Muscle system of Buldowskia suifunica glochidia at different stages of development. Muscles were detected by phalloidin staining (yellow). The muscular structures are represented together with the alpha-tubulin-immunopositive sensory system of larvae (magenta) (a, d, g) and DAPI (blue) or separate muscles (b, e, h) or tubulin (c, f, i) in immature larvae (a–c), in intermediate stage of larvae (d–f) and mature glochidia (g–i). The smooth larval adductor muscle is located in the central part of the glochidia, and larval anterior and posterior muscles are located on the edges of the shell. Muscle bundles appear close to the smooth larval adductor muscle. Abbreviations: am adductor muscle; anm anterior muscle; hc hair cells; n neurites; h hook; pm posterior muscle. Scale bars 40 μm.
FMRFamide-lir larval structure in glochidia
At the early stages of B. suifunica glochidia development, we did not detect FMRFamide-immunopositive structures (data not shown). At the intermediate stage of glochidial development, antibodies to FMRFamide revealed basal neurons, processes and anterior cells (Fig. 9a–c).
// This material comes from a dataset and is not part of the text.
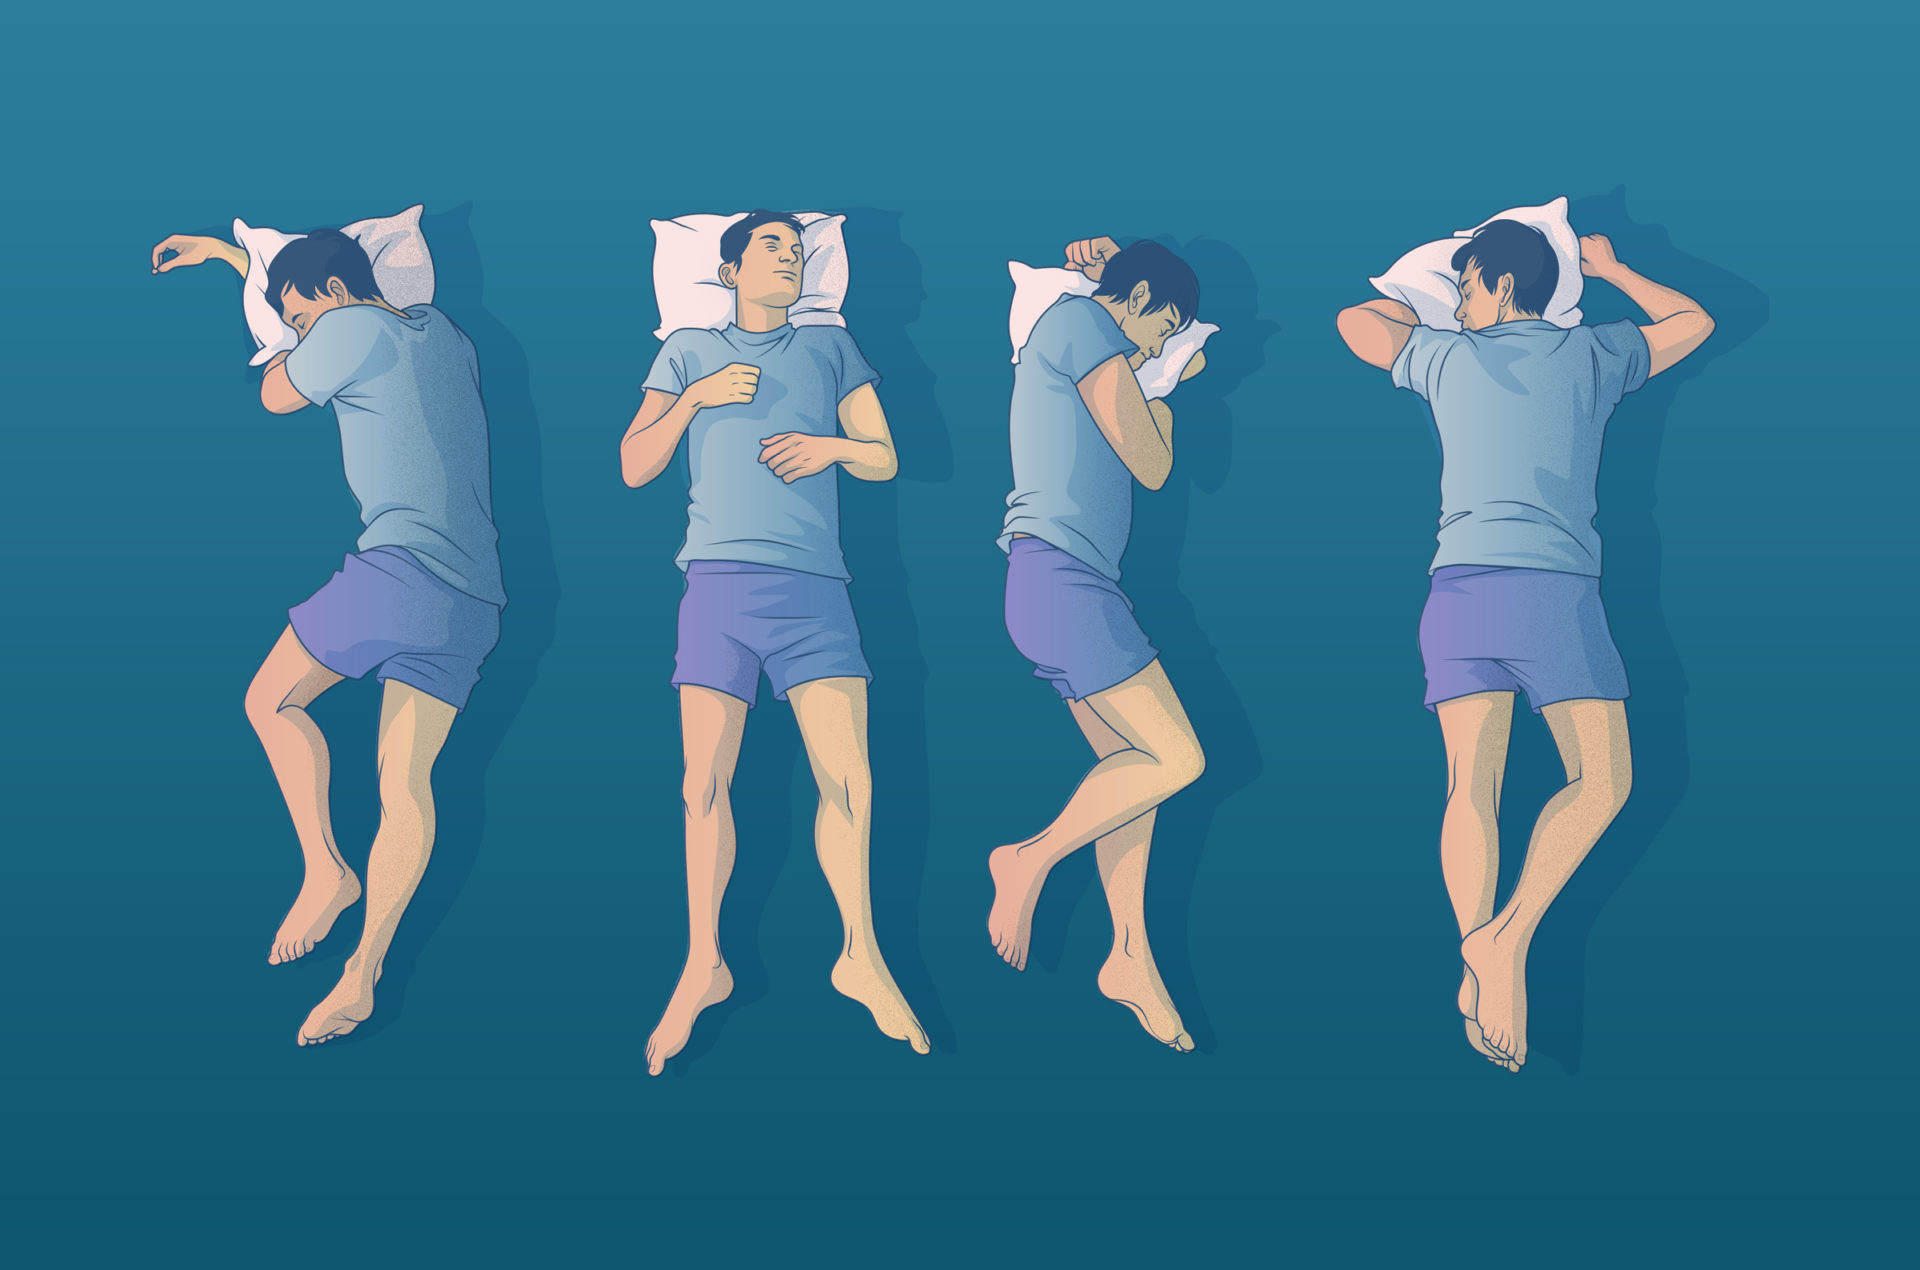 5 Best Sleeping Positions for Stomach Pain Relief

Neurites radiate from the smaller paired basal cells to the central ciliated cells (Fig. 9d–f). From the larger basal cell, a short process connects to the first small anterior cell (Fig. 9e, f), and from it on the opposite side is also a process connecting to the second anterior cell lying near the cilia cells (Fig. 9f, g). In addition, FMRFamide immunoreactivity is shown by lateral neurites near the lateral pit (Fig. 9c). This means that the lateral pit is innervated by FMRFamide immunopositive processes extending from the basal neurons.
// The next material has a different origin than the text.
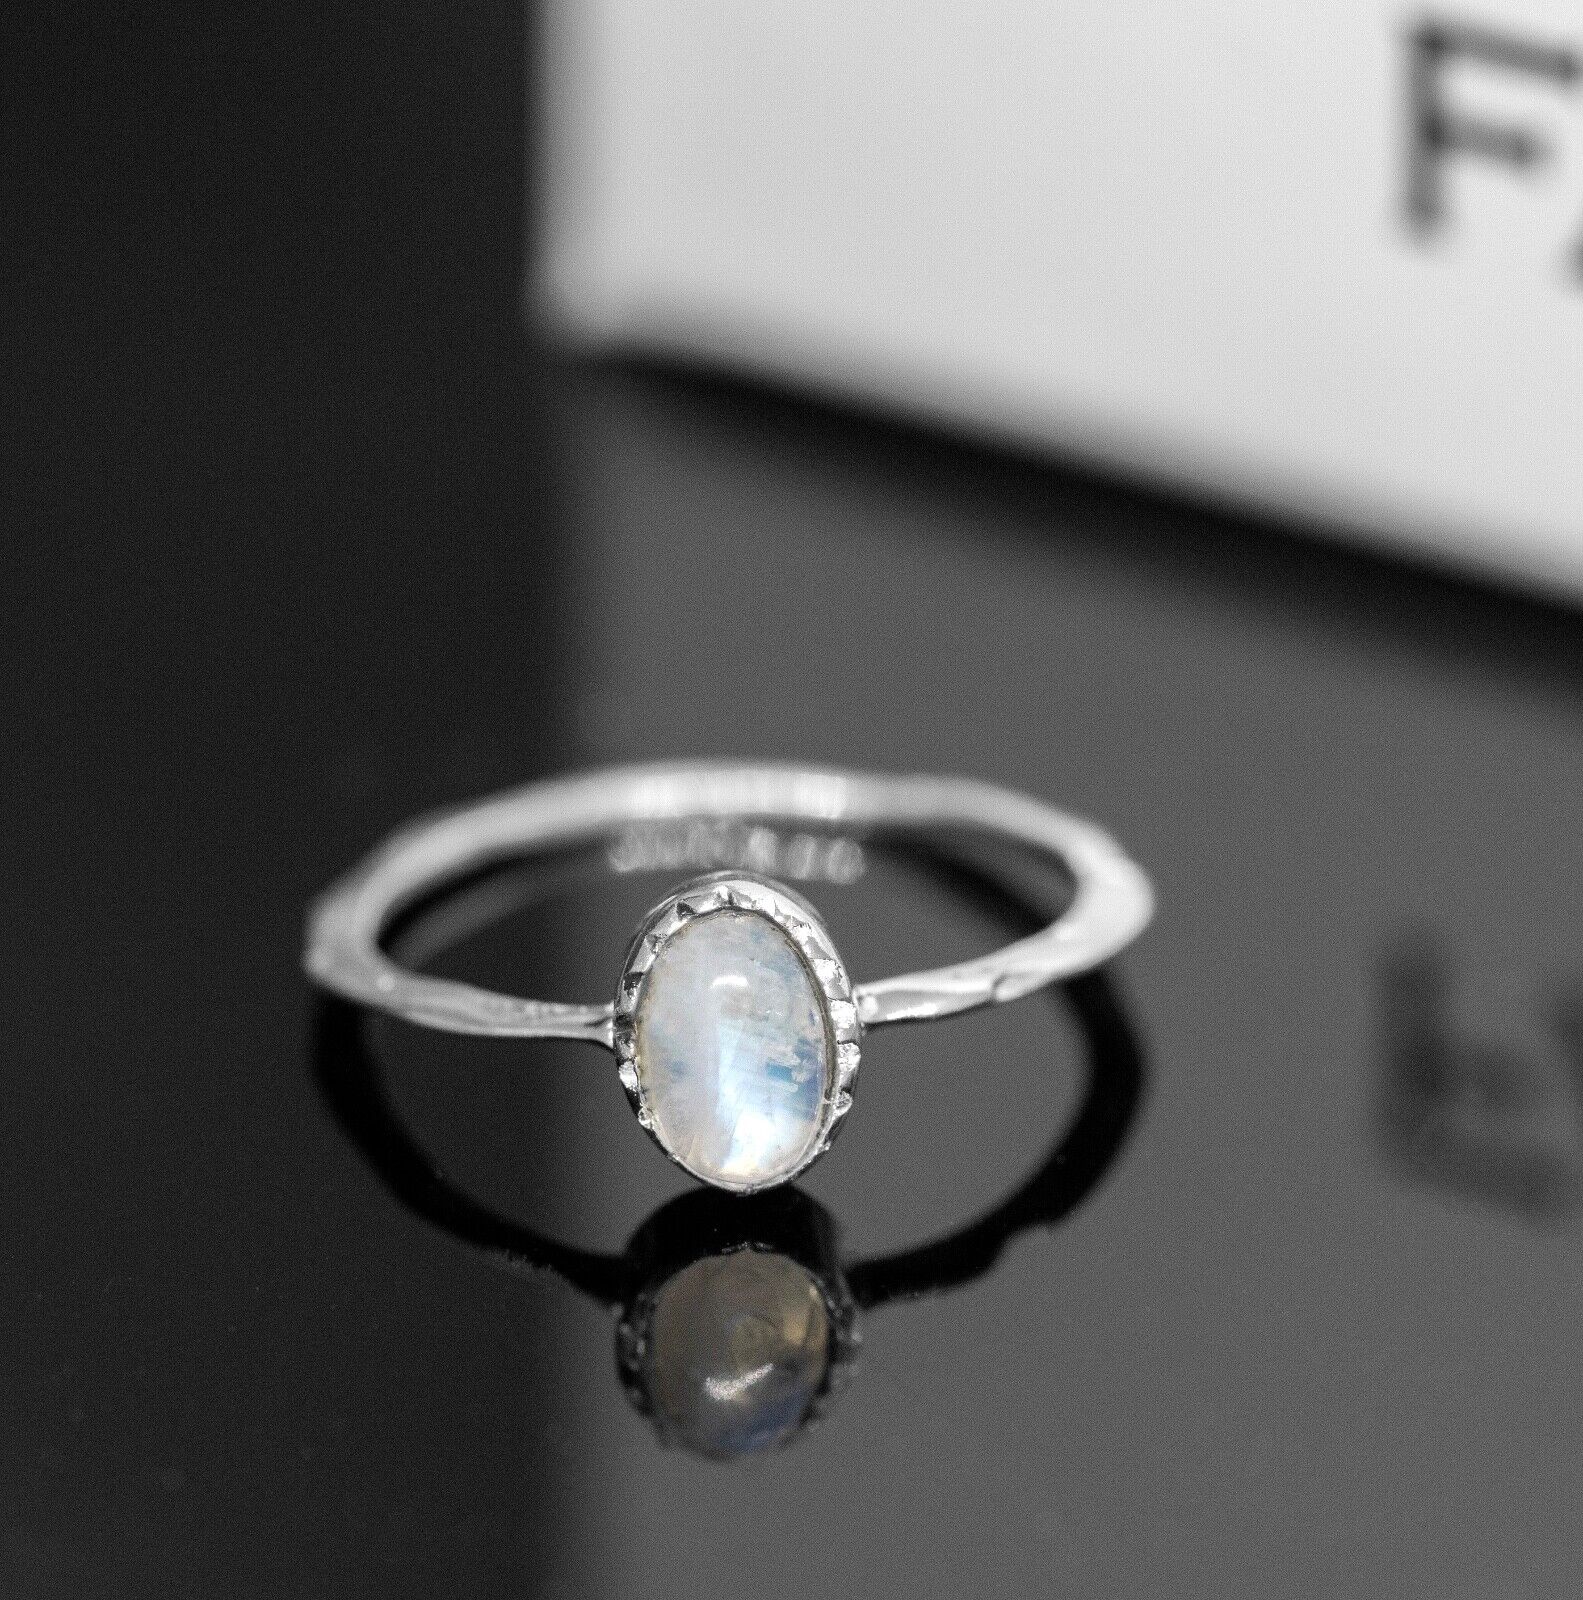 Oval Cut Moonstone Crystal Sterling Silver Dainty Ring Ladies Jewellery Gift

FMRFamide-immunopositive reaction at the stages of development of Buldowskia suifunica glochidia. Green—immunoreaction to FMRF, magenta—immunoreaction to tubulin, blue—DAPI. (a–g) Intermediate stage of larvae; (h–s) mature larvae; (a–c) and (h–j) all Z-projections. In the intermediate stage of larval development, FMRFamide revealed basal neurons, processes and anterior cells (a–c). FMRFamide-immunopositive neurites radiate from paired basal cells to the central ciliated cells (d–f) and short process of basal cells connecting to the small FMRFamide-immunopositive anterior cell (an1) (e, f). On the opposite side, the basal cell neurites connected with the second FMRFamide-immunopositive anterior cell (an2) (f, g). In mature glochidia, FMRFamide immunoreactivity revealed neurites associated with basal neurons located near the lateral pit (h–j). FMRFamide immunoreactivity detected anterior processes of basal cells, which connect to two anterior neurons (k, l). The anterior cells, in turn, communicate with a third separate elongated anterior neuron (m–o). Another ventral neuron is found (p–s), which is connected to the basal cells through the FMRFamide process (p, q). Basal neurons are stretched through the central cell by both tubulin processes and FMRFamide neurites to the lateral ciliary cell (q, r). Abbreviations: an anterior neurons, pk ciliated cells, bk basal cells, bn basal neurons, ln lateral neurites, la lateral fossa. Asterisks denote the nuclei of cells.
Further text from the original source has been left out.